Dried Kaffir Lime Leaves
Kaffir lime leaves (aka wild lime leaves, makrut leaves, Indonesian lime leaves) are intensely aromatic, hourglass-shaped leaves of the kaffir lime tree. Dried kaffir leaves are used similarly to bay leaves to impart a citrusy-sweet flavor, typically in southeast Asian cuisines (especially Thai, Laotian & Indonesian curries, stews, soups and fish dishes).

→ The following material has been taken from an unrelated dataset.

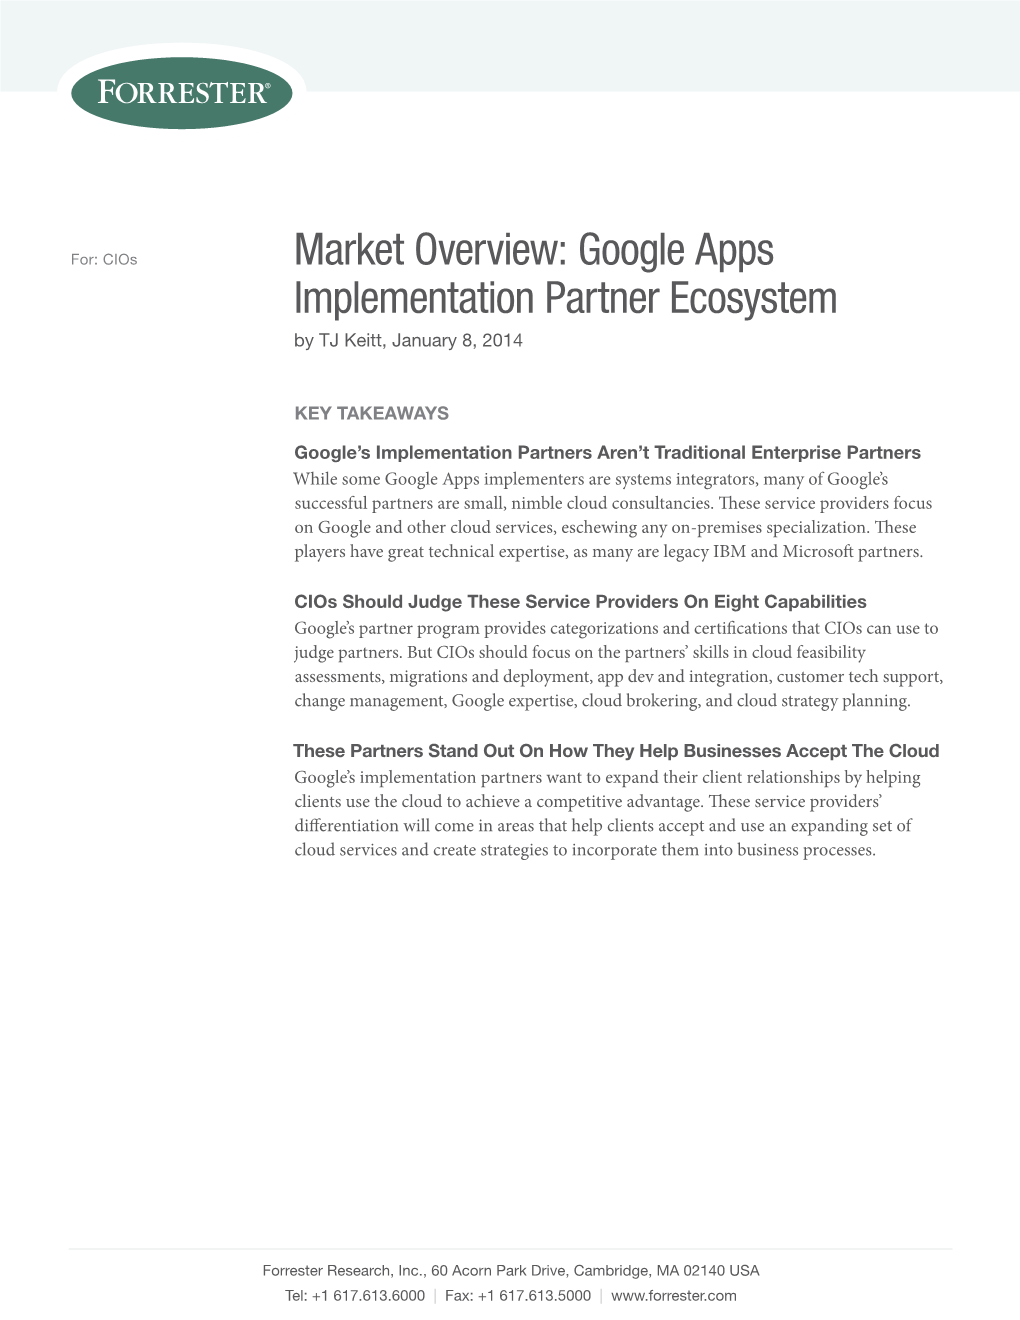 Google Apps Implementation Partner Ecosystem by TJ Keitt, January 8, 2014

Dried kaffir lime leaves are typically less intense than fresh kaffir leaves, but high quality ones (like these) still offer excellent flavor and aroma. Of course, being dried, they’re also cheaper, easier to store, and can be shipped via more affordable ground methods. They’re typically used in dishes as you would a bay leaf – steeped in simmering sauces, soups or braises and then removed before serving.
Store dried kaffir lime leaves in an airtight container in a cool, dry place.
RECIPES & TIPS
Dried kaffir lime leaves are typically used similarly to dried bay leaves – they’re added to dishes during cooking to infuse flavor, then removed before the food is served. They can also be ground for use in seasoning and spice rub blends.
Pair kaffir lime leaves with ingredients like fish, Thai basil, cardamom, galangal, crab, chile peppers, pork, coriander, turmeric, lemongrass, rice, cumin, garlic, ginger, coconut, tamarind, cilantro, and/or chicken.